Redirecting your reporting to illuminating this fundamental voter misunderstanding will do more to solve it than suggesting solutions to a problem the voters don't believe they have. It's equally ridiculously out-of-touch to believe that there is any way you could convince any Republicans to join a super majority required to pass an income tax in the legislature after such a ringing defeat in the polls just a couple of months ago. You're wasting your time promoting one right now. Do it when it can do some good.
2
Although I have said Property Tax in numerous blogs including this one, the Insiders continue to ignore the most obvious and fair way and instead promote retrogressive income taxes.

The reason is obvious...all you "poor" Sloggers are helped along by your parents expensive real estate and stock options holding. So poor little rich girls and boys of Seattle don't want their inheritances touched. This allows them to live in expensive condoes and smoke pot and whine about "The System" well into their late 30s...at which point they will cash out their parents estate, thus avoiding ever getting a job. To fund their light rails, health care and community college courses, they will insist upon taxing those who actually go to work everyday healing people, creating technology and managing their parents estates...
3
The truly beautiful thing to do would be to eliminate every subsidy and exemption to the B&O tax for one year - it would prevent the people of this state from losing revenue that could balance the budget, and get around the awkward debate in Olympia about why one subsidy is better/worse than another.

Steve Breaux
WashPIRG

After a year, they could start from scratch and have a thoughtful discussion about new subsidies or exemptions that would work as intended, with built-in sun-set provisions.
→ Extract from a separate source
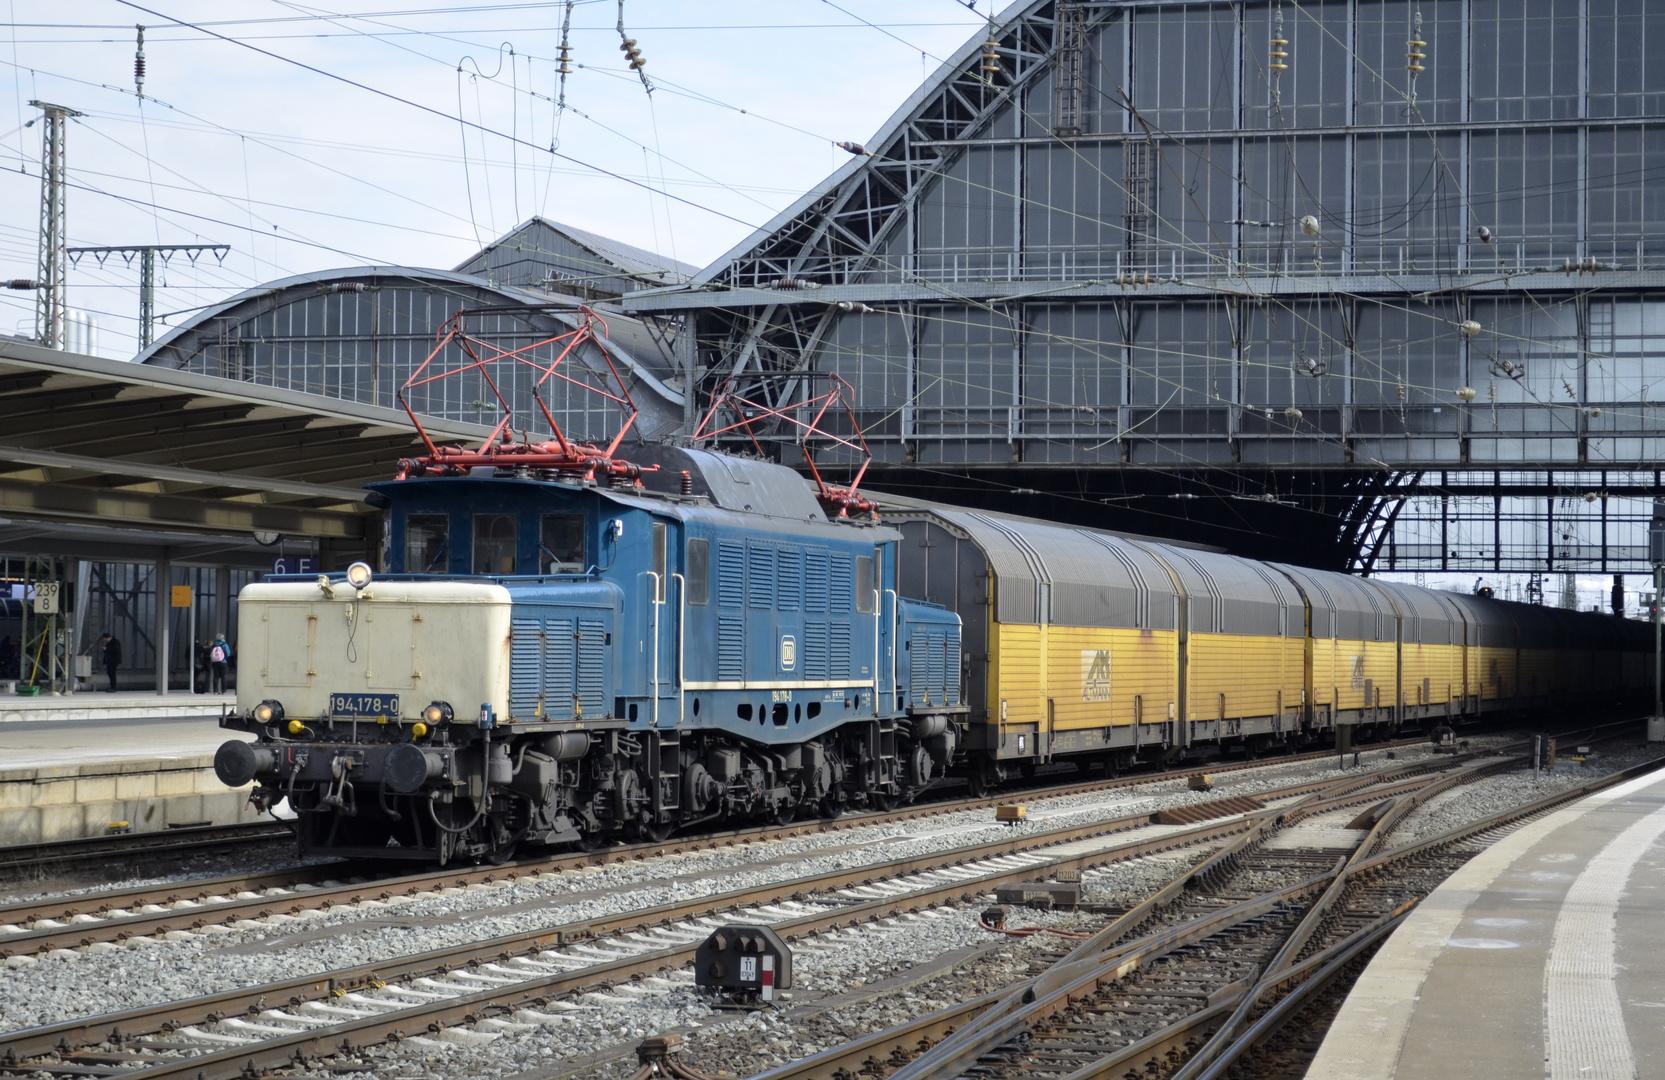 "Baureihe 194 178 ""Krokodil"" in Bremen Hbf"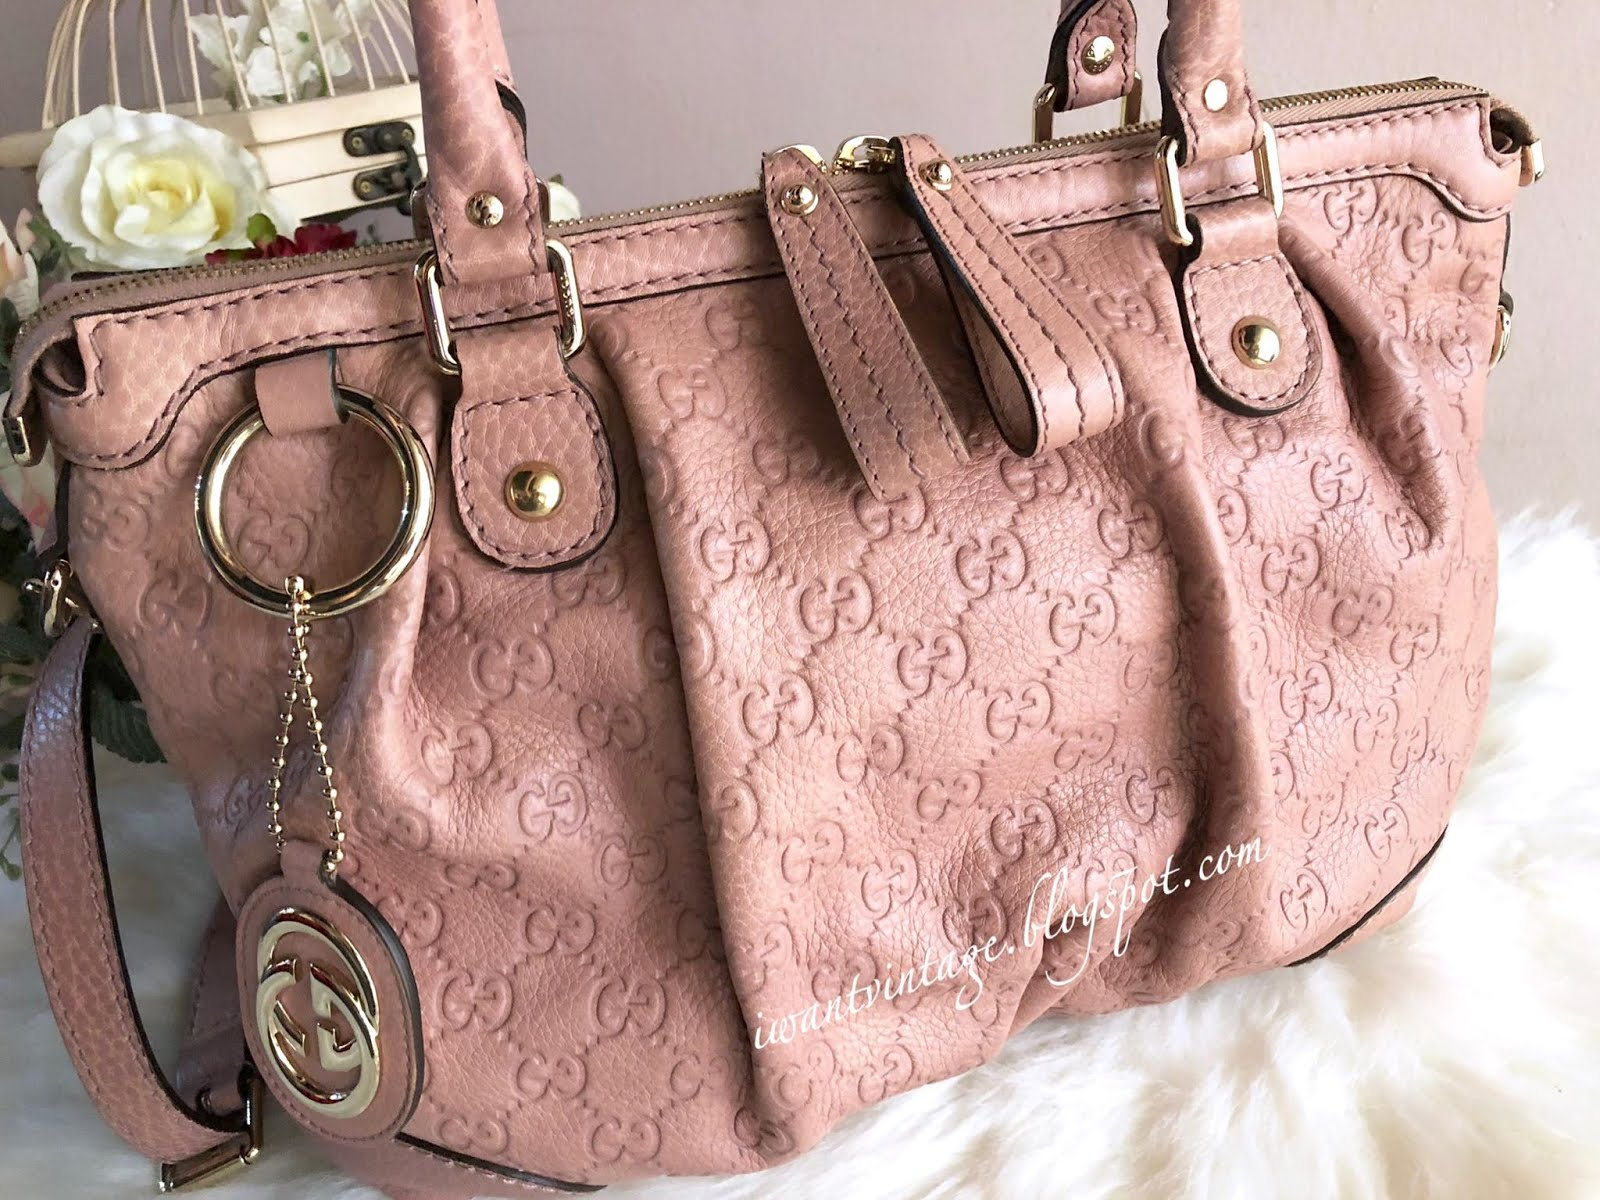 d4349ab17894 I Want Vintage   Vintage Designer Handbags: Gucci Sukey Guccissima ...

Yes, someone will complain that eliminating a given subsidy or exemption for even one year will destroy their business, but think about it: any business that can't survive for even one year without their exemption or subsidy is a business that doesn't have any business being in business.
4
Seattle Times: Supporters of I-1098 blamed the resounding defeat on a decades-long distaste for a state income tax. "I think that there are people who have a fundamental negative feeling about new taxes, and that's where the majority (of the opposition) came from," said William H. Gates Sr., a prominent backer of the measure who became its public face in television commercials.

I agree. And I'm convinced that a lot of people who might have voted yes, voted against the initiative because they believed that the income tax would eventually be extended to people who don't have high incomes. Now, even if those people had been convinced the income tax would only remain on people with high-incomes, I'm not sure their support would have been enough for I-1098 to pass, but I think it would have been much closer than it was.